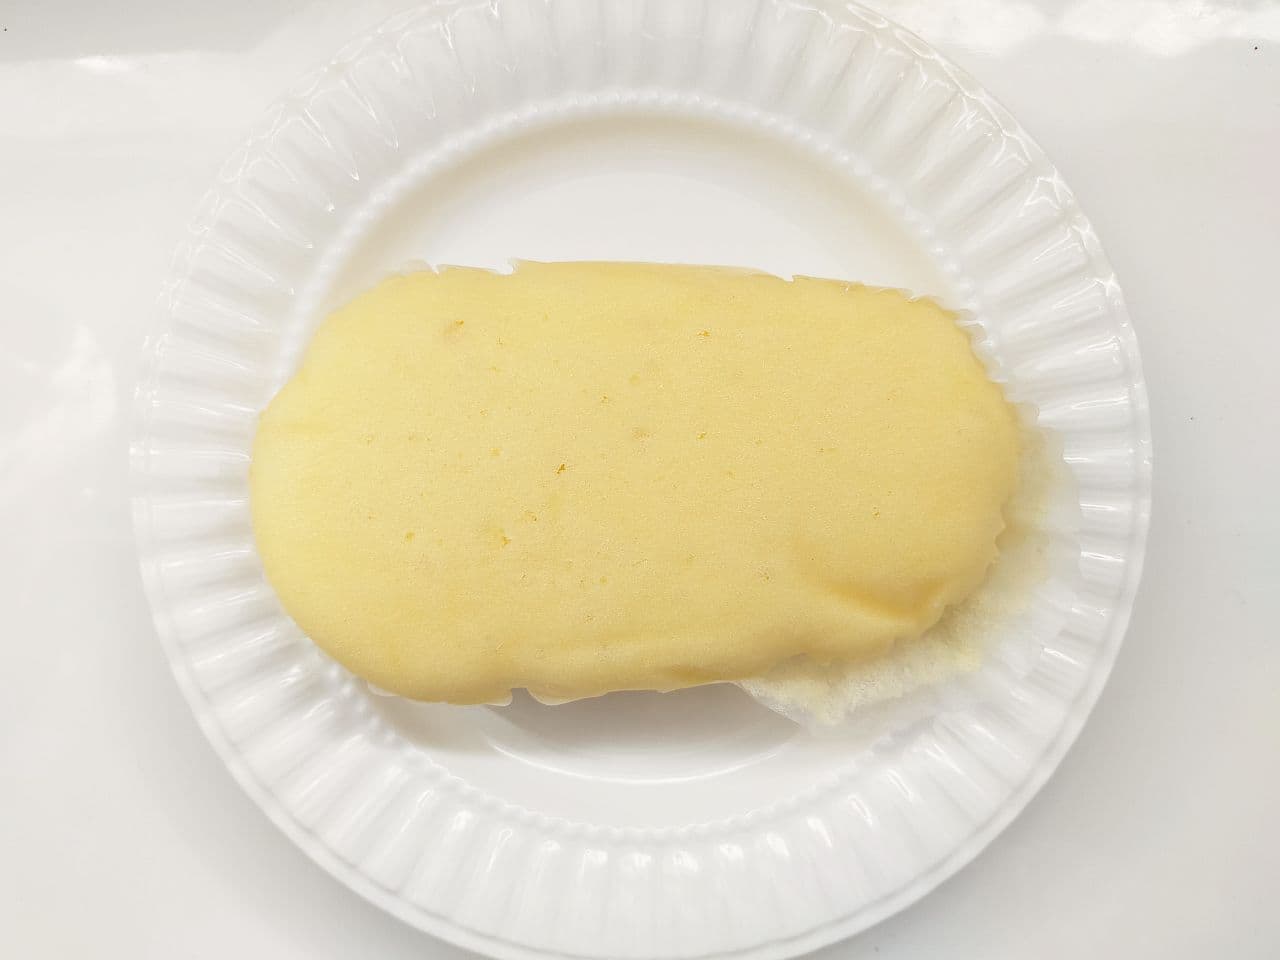 KALDI "Steamed Goku Cheese Bread Made with Hokkaido Mascarpone"
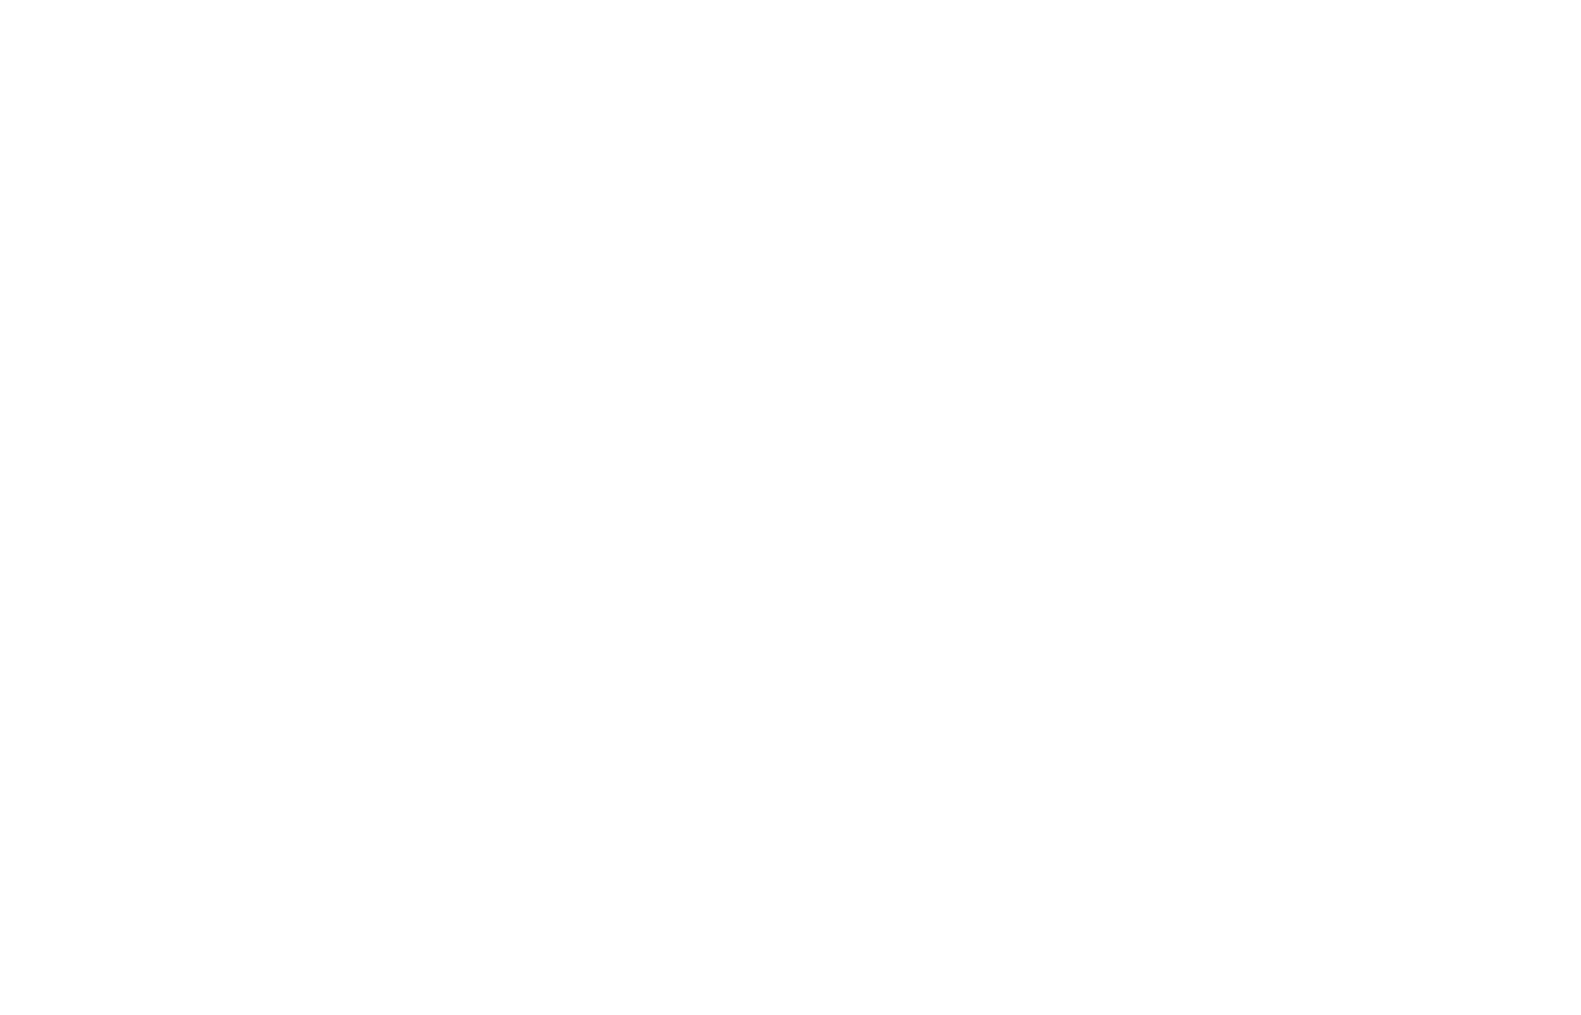 Equity LifeStyle Properties logo pour fonds sombres (PNG transparent)
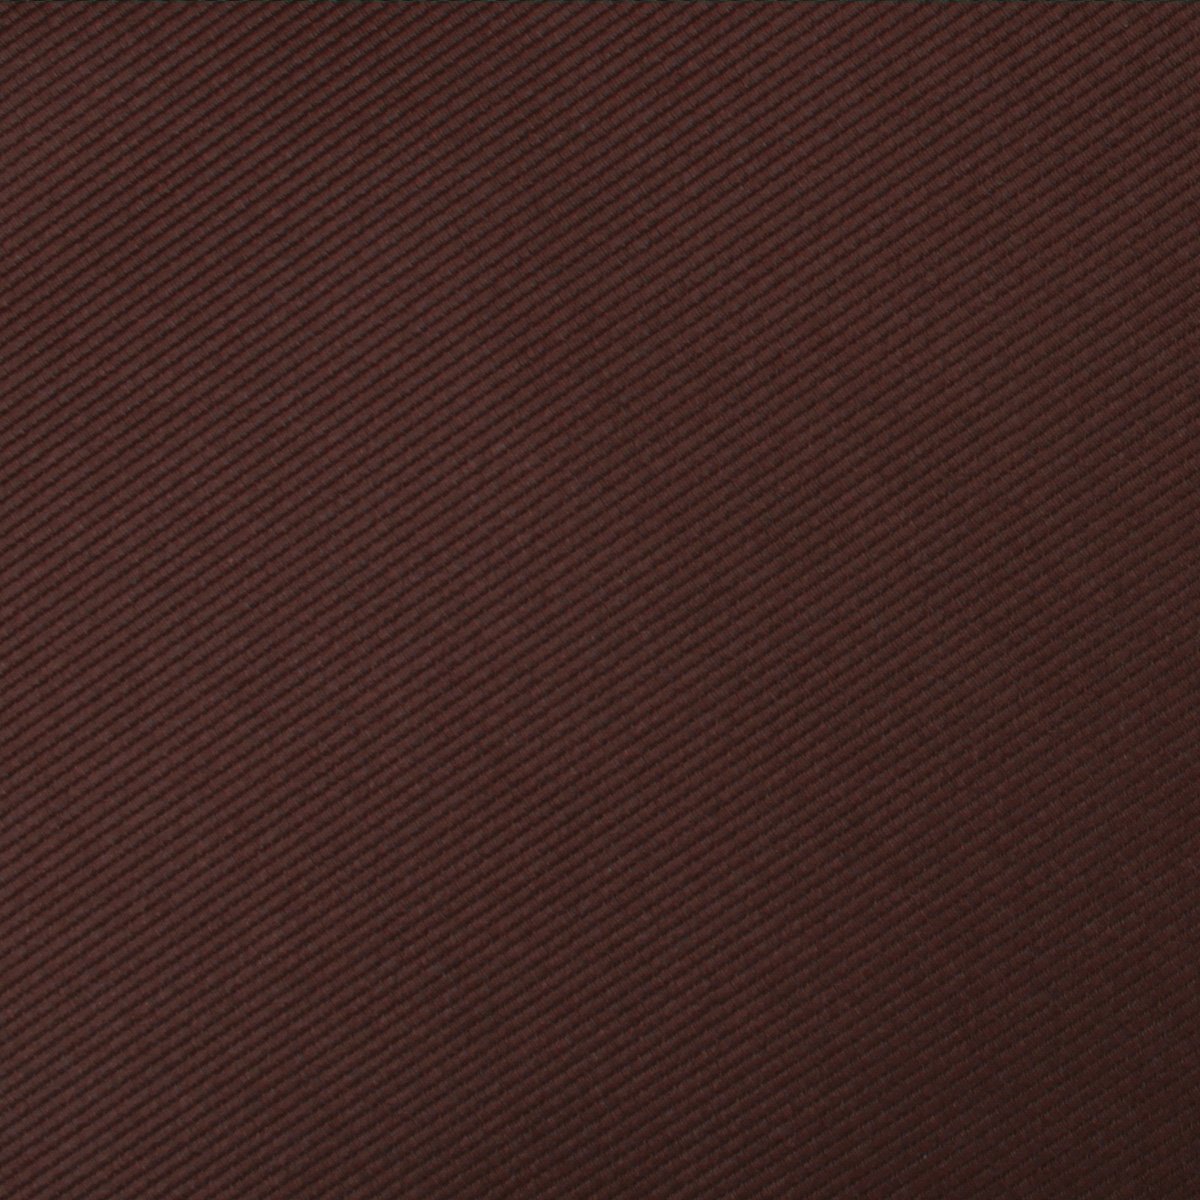 Chocolate Brown Twill Skinny Tie Fabric
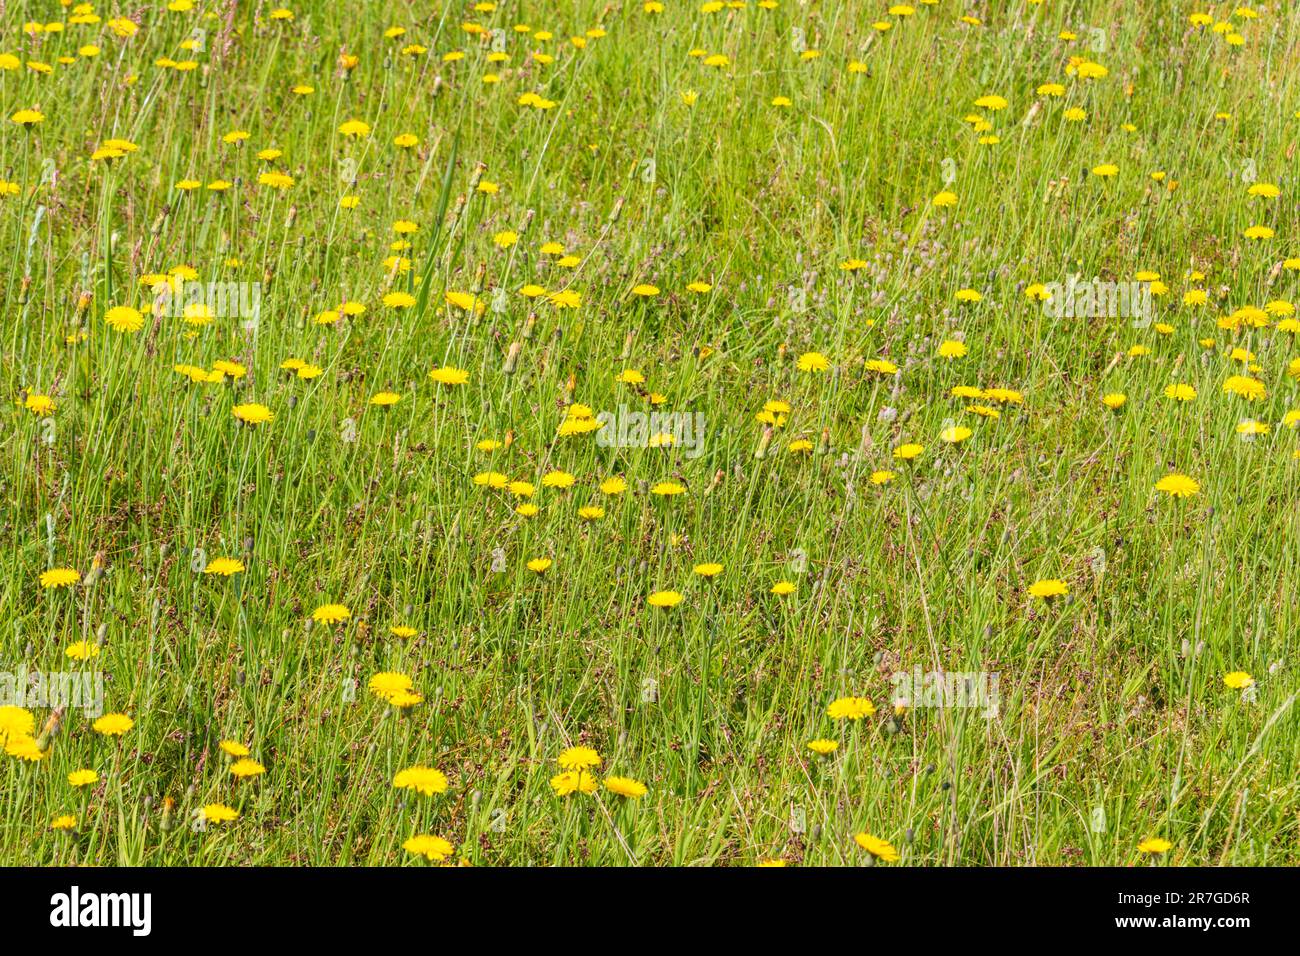 Yellow flatweed (Hypochaeris radicata) flowers among grass on sandy ground, Mezofold, Hungary Stock Photo
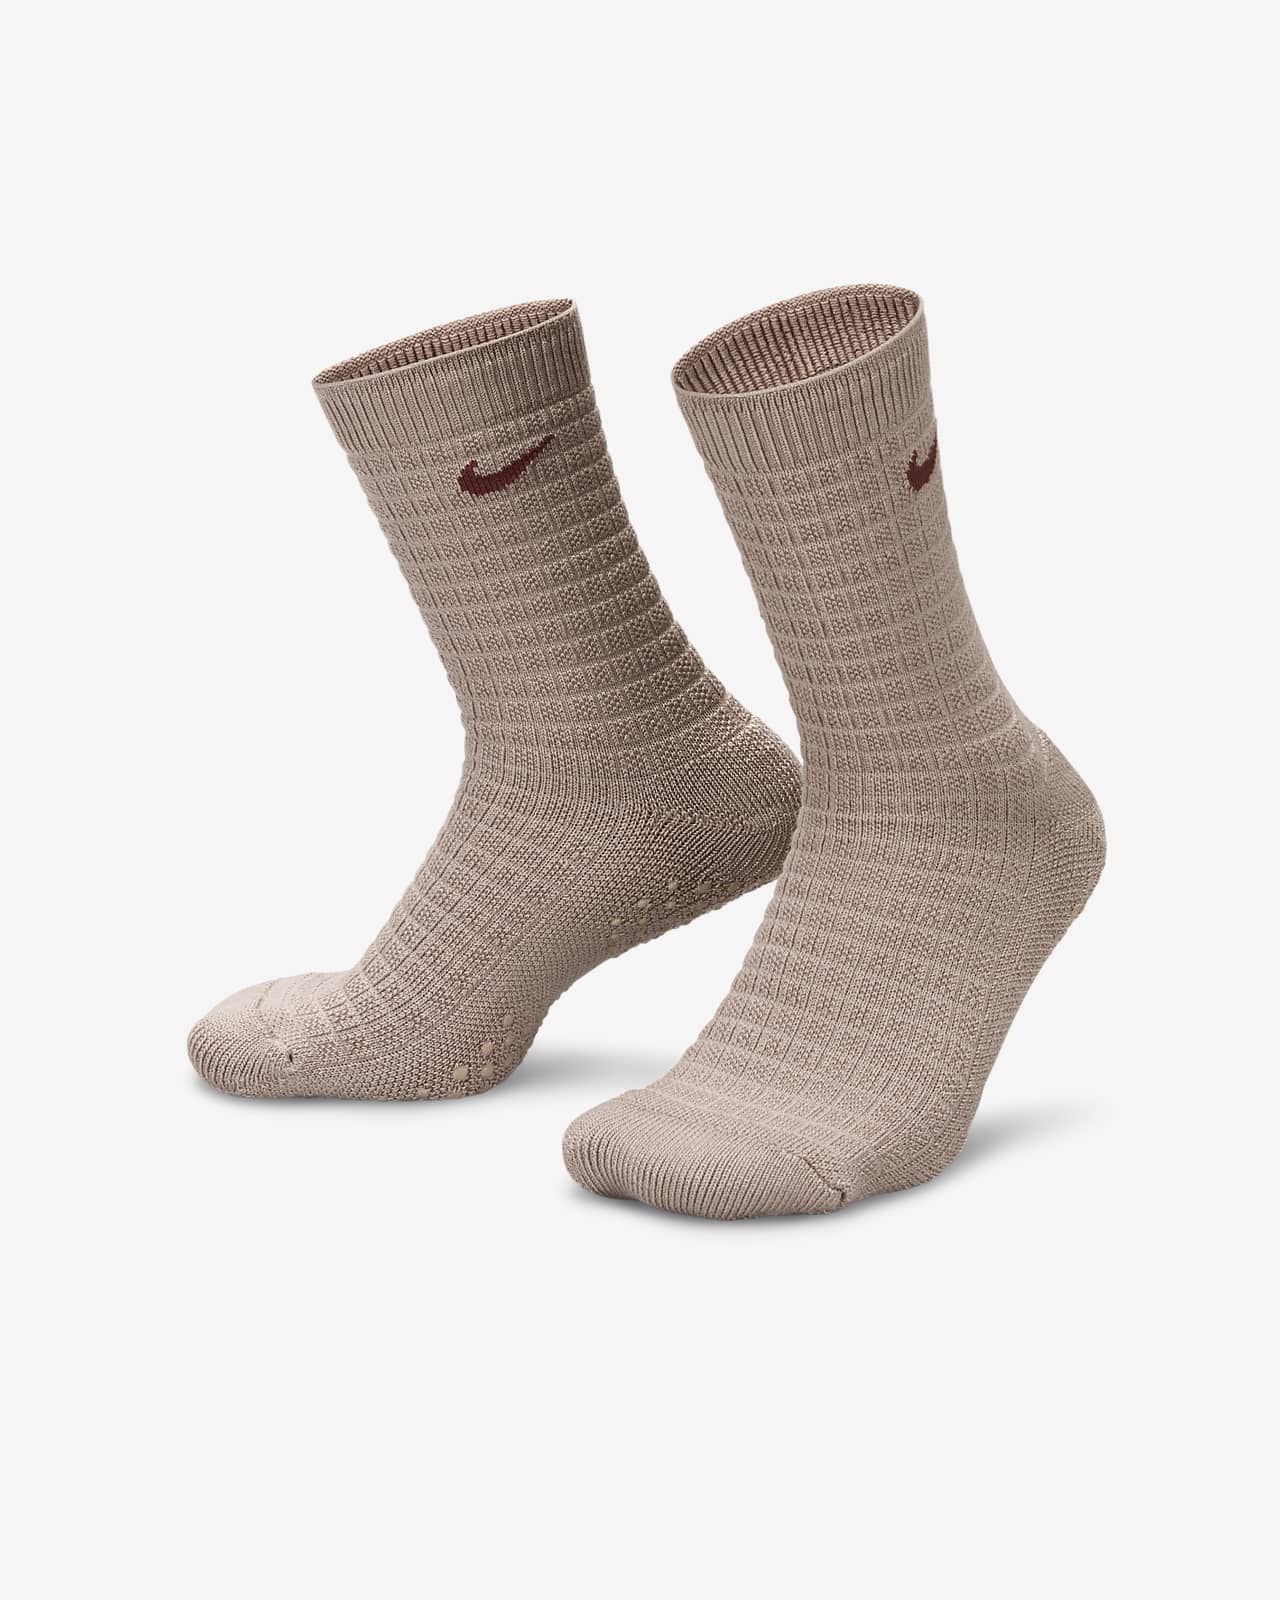 nike winter socks

> [Task brief]:
Give back each entry exactly as it appears, with no pictures.

> [Problem solution]:
 KALDI "Steamed Goku Cheese Bread Made with Hokkaido Mascarpone"
 Equity LifeStyle Properties logo pour fonds sombres (PNG transparent)
 Chocolate Brown Twill Skinny Tie Fabric
 Yellow flatweed (Hypochaeris radicata) flowers among grass on sandy ground, Mezofold, Hungary Stock Photo
 nike winter socks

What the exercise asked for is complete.